A false prophet “must be put to death,” commands Deuteronomy 18:20, and Micah 3:11 warns against prophets who “tell fortunes for money.”
Lance Wallnau’s false prophecies are well documented, but when caught he simply moves on to his next wild claims.
“I’ve just been right, right prophetically, on virtually everything I’ve said for the last five years,” he said on a recent episode of the Lance Wallnau Show as he hawked gold and silver coins.
“That’s a bold statement to make. I’ve got a lot of enemies. Anybody want to quote me where I missed it? The only time they ever say I missed it prophetically is when they accuse me of saying something I never said.”
Right Wing Watch accepted his challenge and responded with a report featuring a series of Wallnau doozies, most of which seem more partisan than prophetic.
Wallnau made his name by correctly predicting Trump would win the 2016 election, but in 2020, he was one of 150 prophets who erroneously predicted Trump’s victory, according to researchers James Beverley and Gordon Melton.
When Trump lost, Wallnau was among those claiming Trump had actually won and would be officially reinstated.
Only a handful admitted they were wrong about the 2020 election and apologized, and they were promptly abandoned by their followers. Repeated calls for prophets to agree to ethical standards have made little progress.
Right Wing Watch, a reporting outlet for the progressive group People for the American Way, gathered some of Wallnau’s most wince-inducing failed pronouncements:
Conservative murder suspect is actually “left-wing wacko.” Vance Boelter, a Christian conservative, is the sole suspect in the June 2025 murder of Minnesota state representative Melissa Hortman and her husband.

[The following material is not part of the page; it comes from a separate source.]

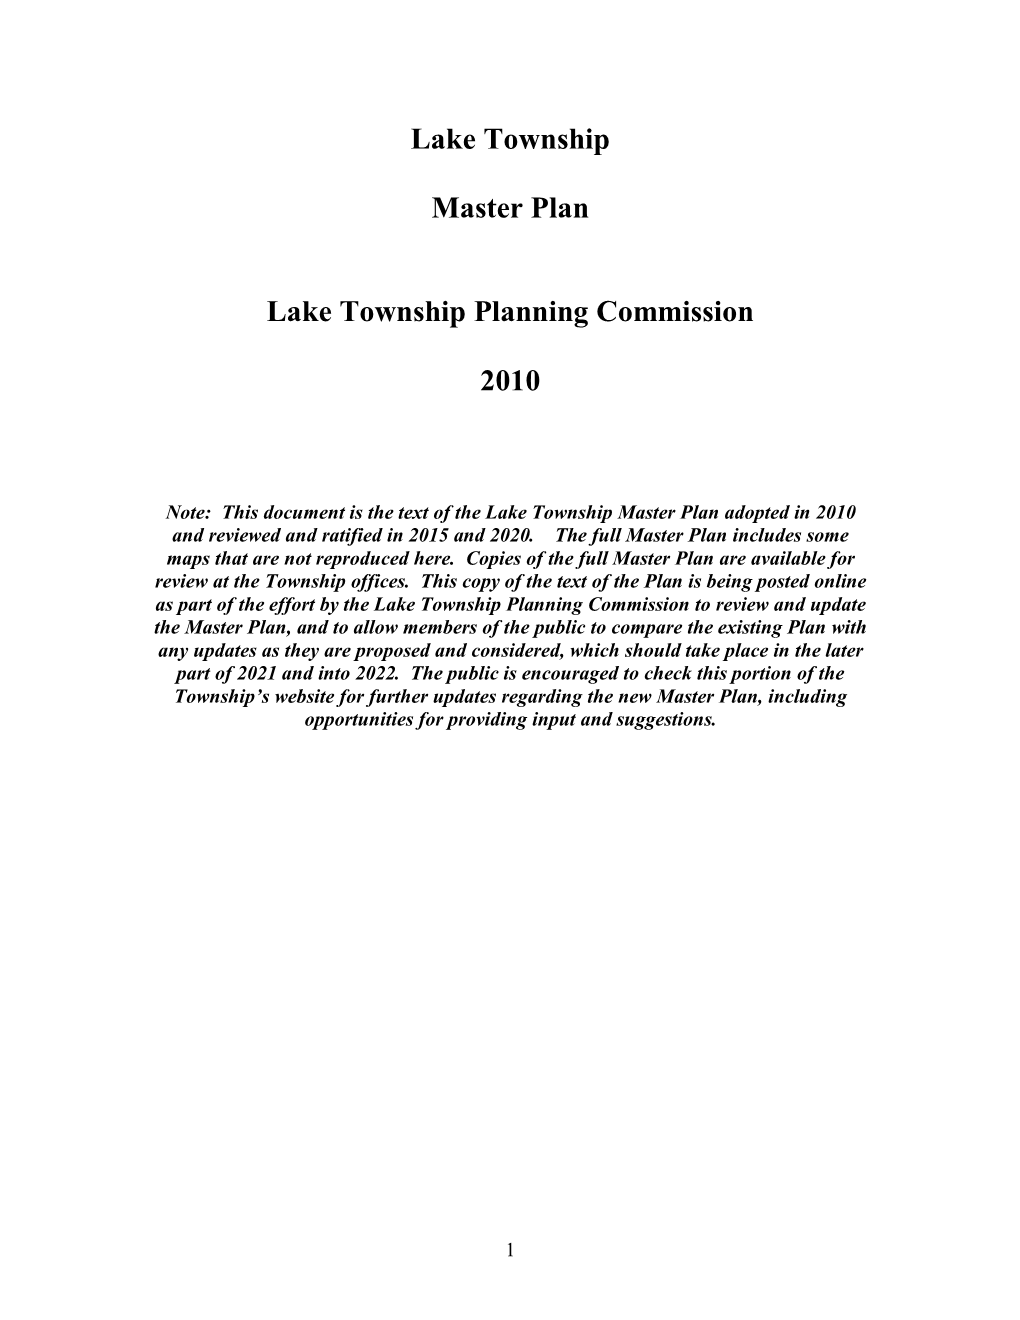 Lake Township Master Plan Lake Township Planning Commission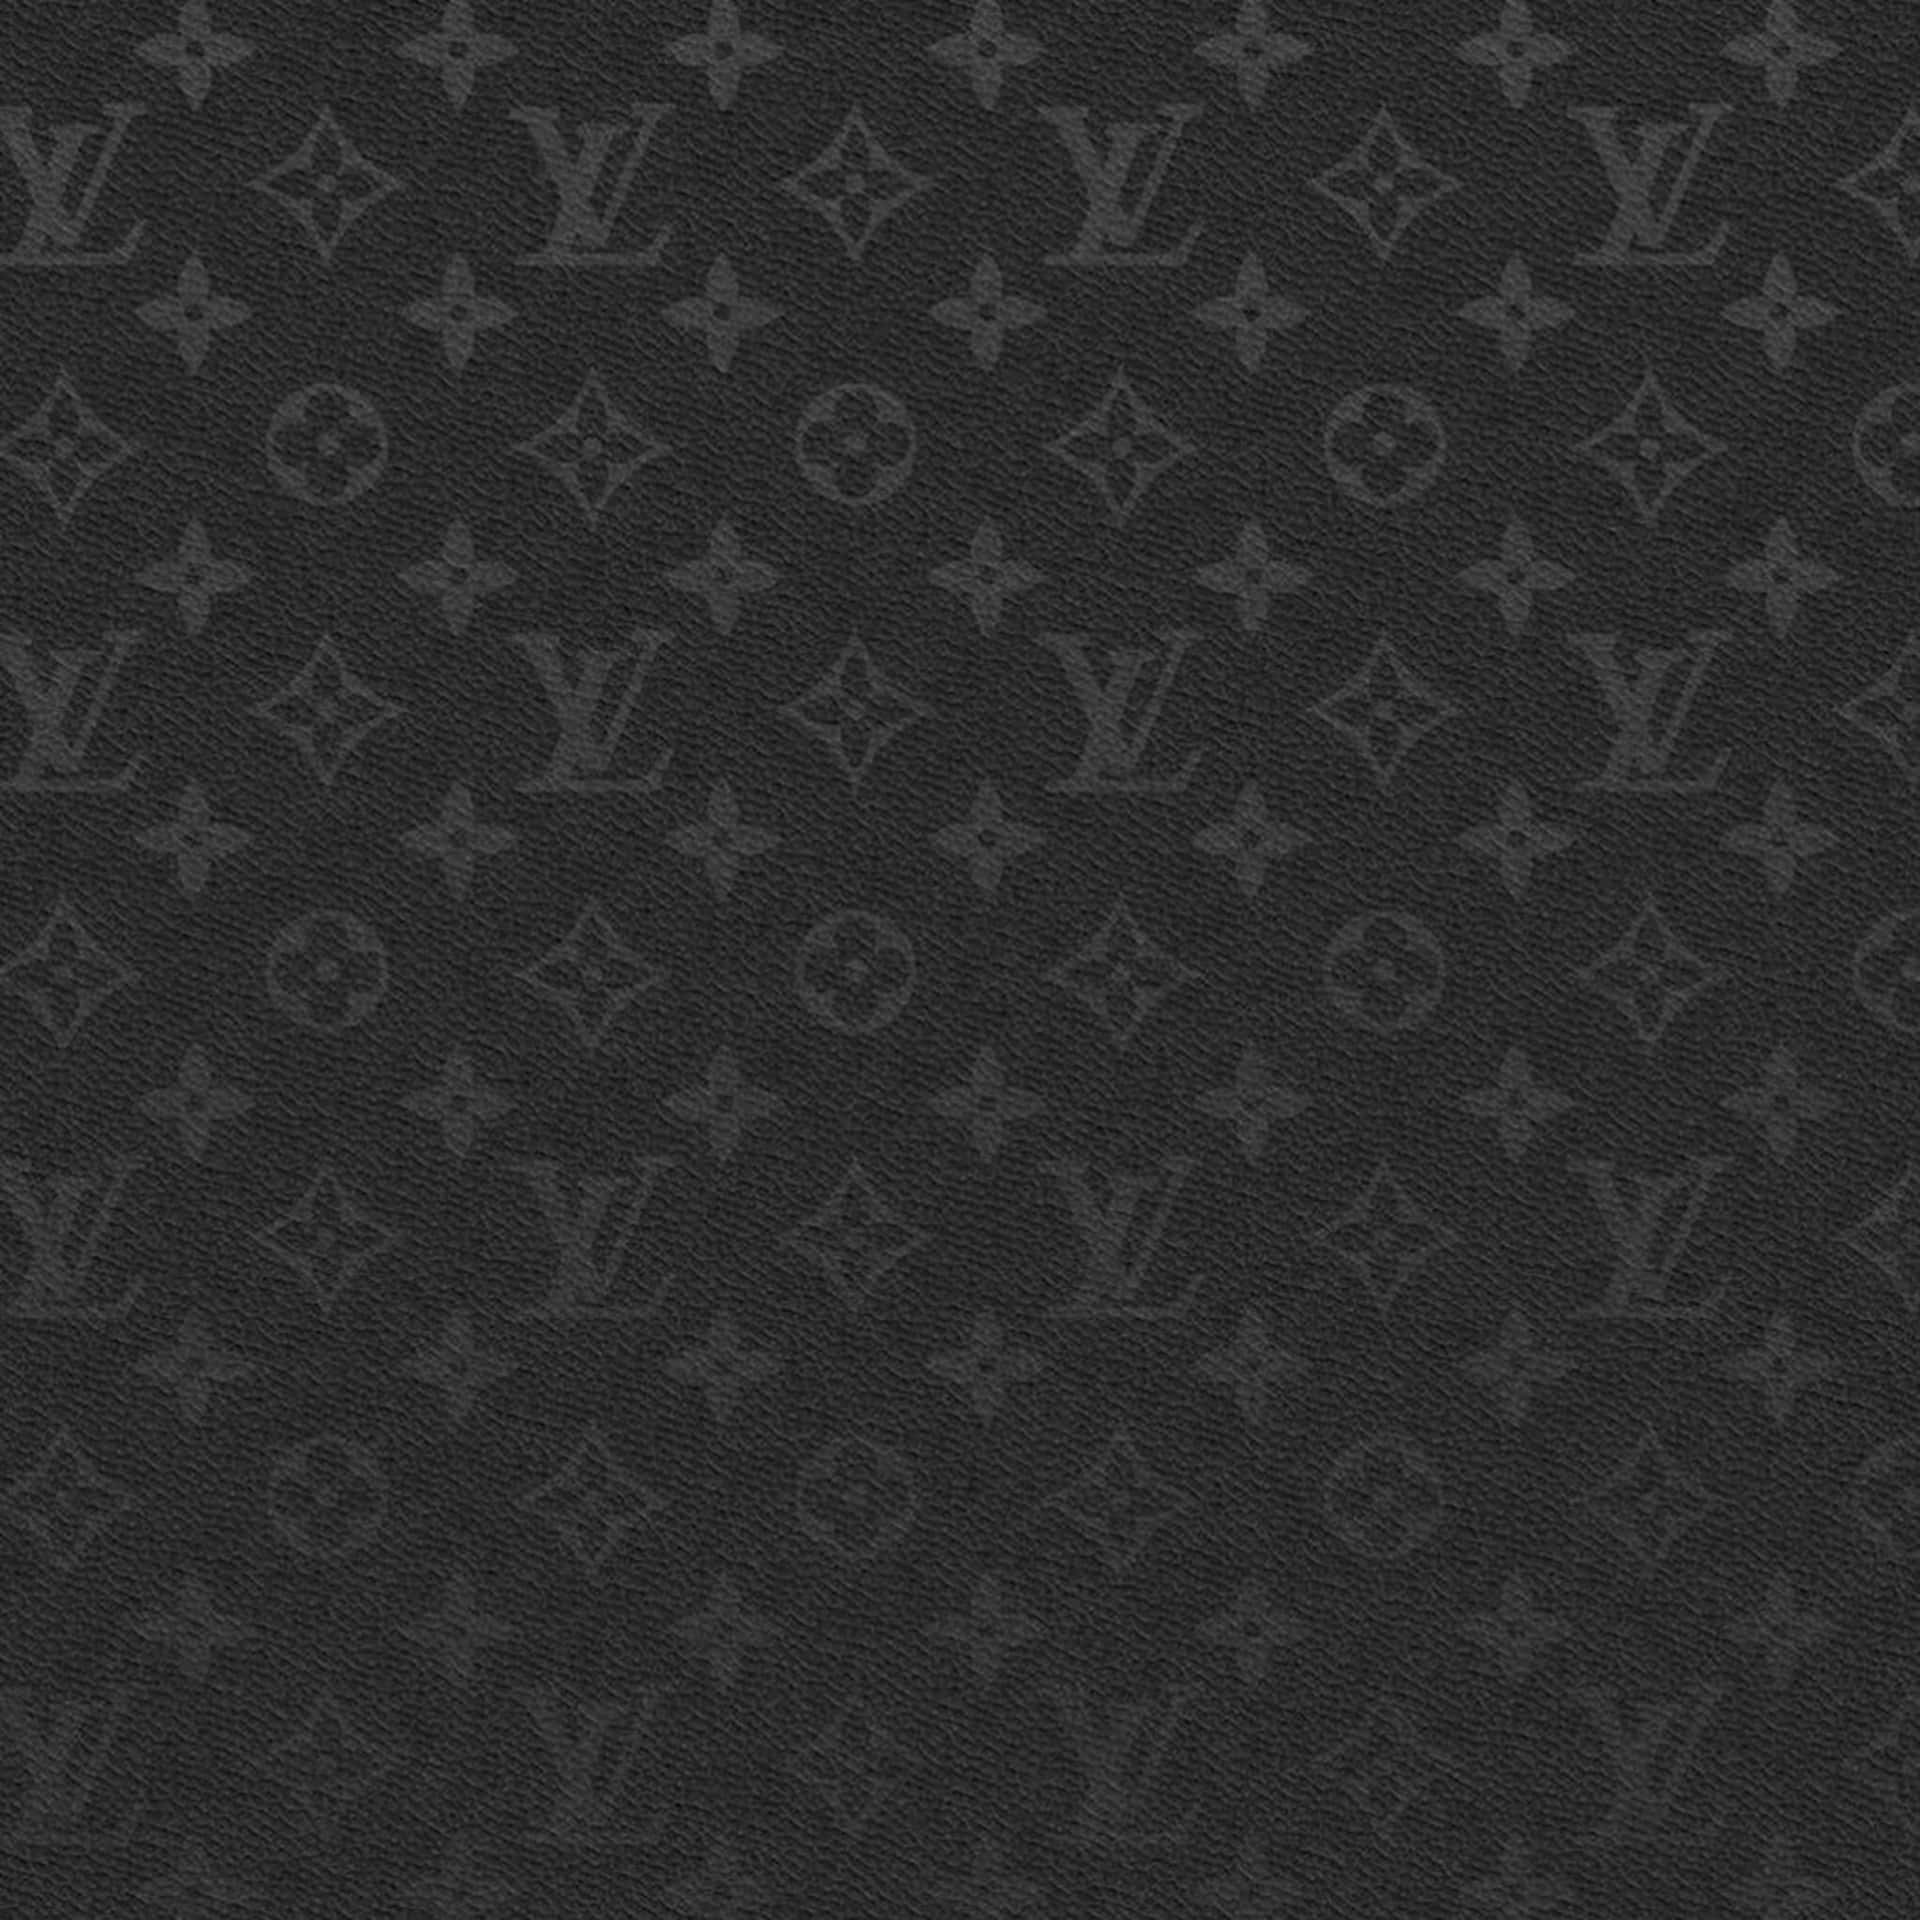 wallpaper louis vuitton pattern black

Wallnau falsely claimed Boelter was “a left-wing wacko and not a Christian,” saying, “Christianity does give you a sound mind.”
Following Trump’s 2023 arrest for falsifying business records, Wallnau claimed God would start killing American political leaders within the next month.
Following Trump’s 2023 arrest for falsifying business records, Wallnau claimed God would start killing American political leaders within the next month. But nothing happened.
“I’ve been listening to prophecies lately about sudden deaths, and it looks to me like there could be some sudden deaths coming in May. In May, you’re going to see some of the disciplinary hand of God come down upon those people that have been standing in the path of what he wants to do.”
When two Republican New Jersey council members were murdered within eight days in 2023, investigators were unsure about the killers’ motives. Wallnau claimed they were targeted by “underground, Satanist, left-wing, antifa hit squads.”
On January 6, the militant group the Proud Boys were at the U.S. Capitol not to incite an insurrection but “to protect Trump supporters from antifa” and “clean up the mess, any debris that’s there: glass, paper, garbage cans turned over,” Wallnau said.
In 2020, Wallnau claimed an autonomous zone called CHOP created by activists in Seattle signified that left-wing activists were about to initiate a “reign of terror, get the guillotine out and start chopping.” CHOP, he said, actually means “Capitol Hill Occupied Protest.”
In 2018, Wallnau said a Unite the Right 2 rally in Washington, D.C., was a left-wing event designed to promote the false notion that the conservative movement has a problem with white supremacy.
“The gift that the left wants is white supremacists and to link it with conservatives because there are no conservative white supremacists,” he said. “That’s all a fiction.”
Wallnau claimed a “deep state intrigue” against Trump would be exposed by June 6, 2018. When nothing happened, he claimed that evidence of the intrigue had been “suppressed.”
Wallnau flubbed an anecdote about “deliverance” from homosexuality, claiming a gay bar owner was supposedly delivered from his life of sin after eating a cake that had been prepared and prayed over by Christians. “When he ate the cake, … the power of God hit him,” Wallnau claimed.
Last fall, Wallnau claimed Trump was not releasing the Epstein Files concerning sexual predator Jeffrey Epstein because “the Deep State planted false information against Trump in the Epstein Files.”
Wallnau’s official biography calls him “the innovator who introduced the ‘Seven Mountains of Culture’ as a fresh template to explain how the church must engage culture at the turn of the century.” Wallnau says Christians should rule over nonbelievers on the seven mountains of culture, which include government and the arts.
In reality, the Seven Mountain Mandate originated in 1975 from a shared vision claimed by evangelical leaders Bill Bright (founder of Campus Crusade for Christ) and Loren Cunningham (founder of Youth with a Mission).
One of his latest shows covered multiple news stories (“The Truth Behind ICE Raids, Antifa Blunders and Media Meltdown over Melania”) and featured ads for a health drink called Level 10 Liquid: “It’s what I need to start the day.”
Wallnau helped organize the Courage Tour, a Holy-Spirit-meets-politics road show that toured seven swing states in the months before the 2024 election. The Pennsylvania stop on the tour featured vice presidential candidate JD Vance, who made sure he didn’t appear on stage with Wallnau.
“Vance was astute enough never to be spotted with Wallnau or any of the other inflammatory speakers,” reported Slate.